Dr Asha and his wife were driven to London’s Paddington Green police station, along with a suspect arrested at Liverpool’s Lime Street Station and one of the men arrested in Glasgow.

(the Australian)

I just want to know what ever happened to the Hippocratic oath? That requires a physician to do no harm?
It is however a stroke of good luck that this group of terrorists seem to have been better at the ideology of death than they were mechanics of it. But as I said in the comments thread of a previous post it is unlikely that the courts will treat them with the harshness that they deserve but anything less than Her Majesties pleasure will be an outrage.
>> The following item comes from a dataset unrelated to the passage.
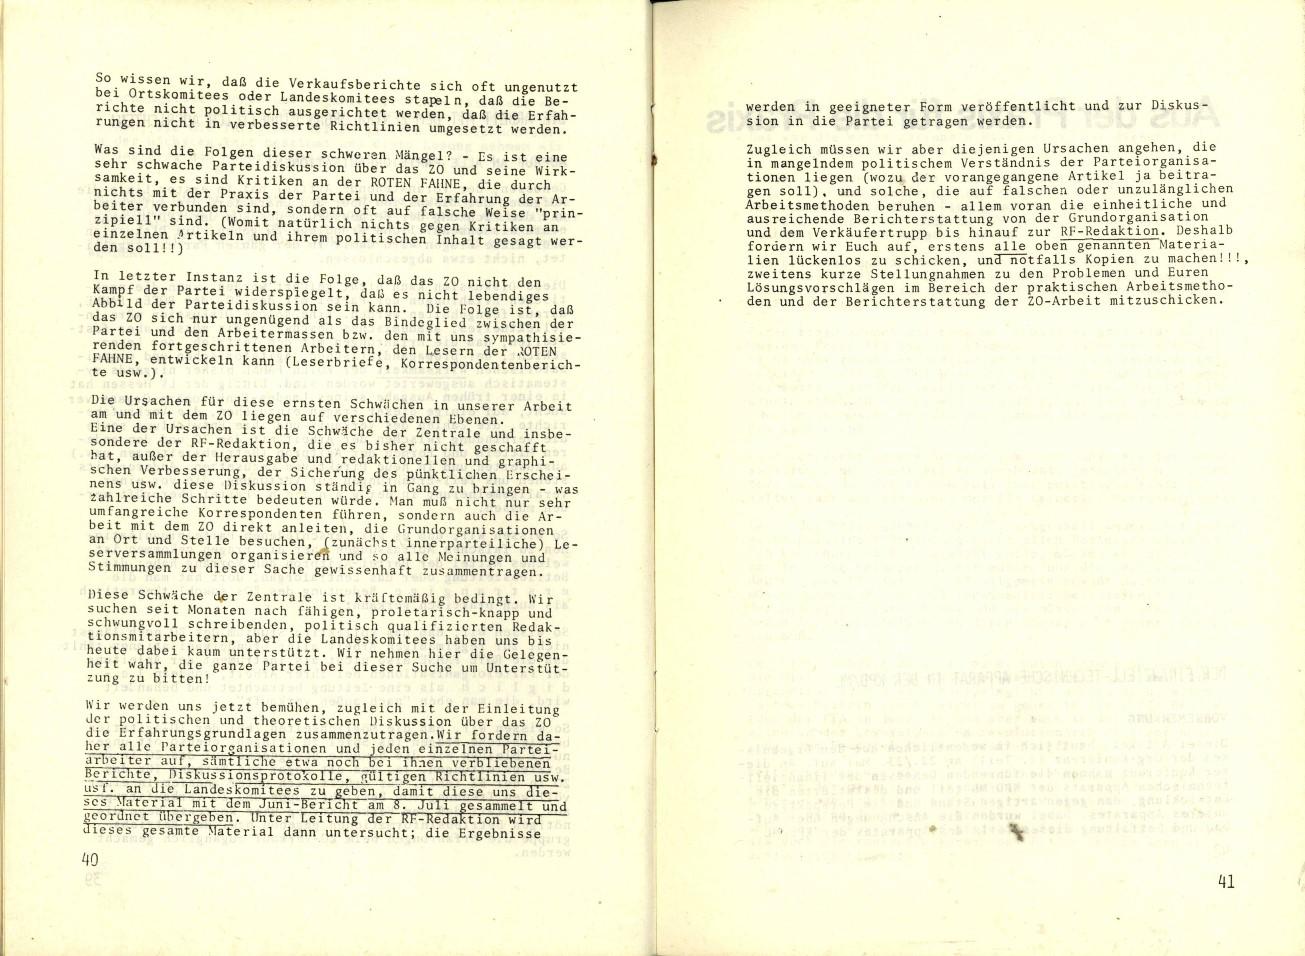 ZB_Parteiarbeiter_1971_06_22

The suffering that the burned terrorist is experiancing is a fine example of natural justice though…

Update

Another Arrest

Police investigating the failed car bombings at Glasgow Airport and London have arrested a man abroad, bringing the number of people detained to eight.

Police have not specified in which country the arrest took place.( BBC news)

Update 2

An eighth man — described only as 27 years old — was arrested in Brisbane, Australia, Monday night, said Peter Beattie, the premier of the state of Queensland. (CNN)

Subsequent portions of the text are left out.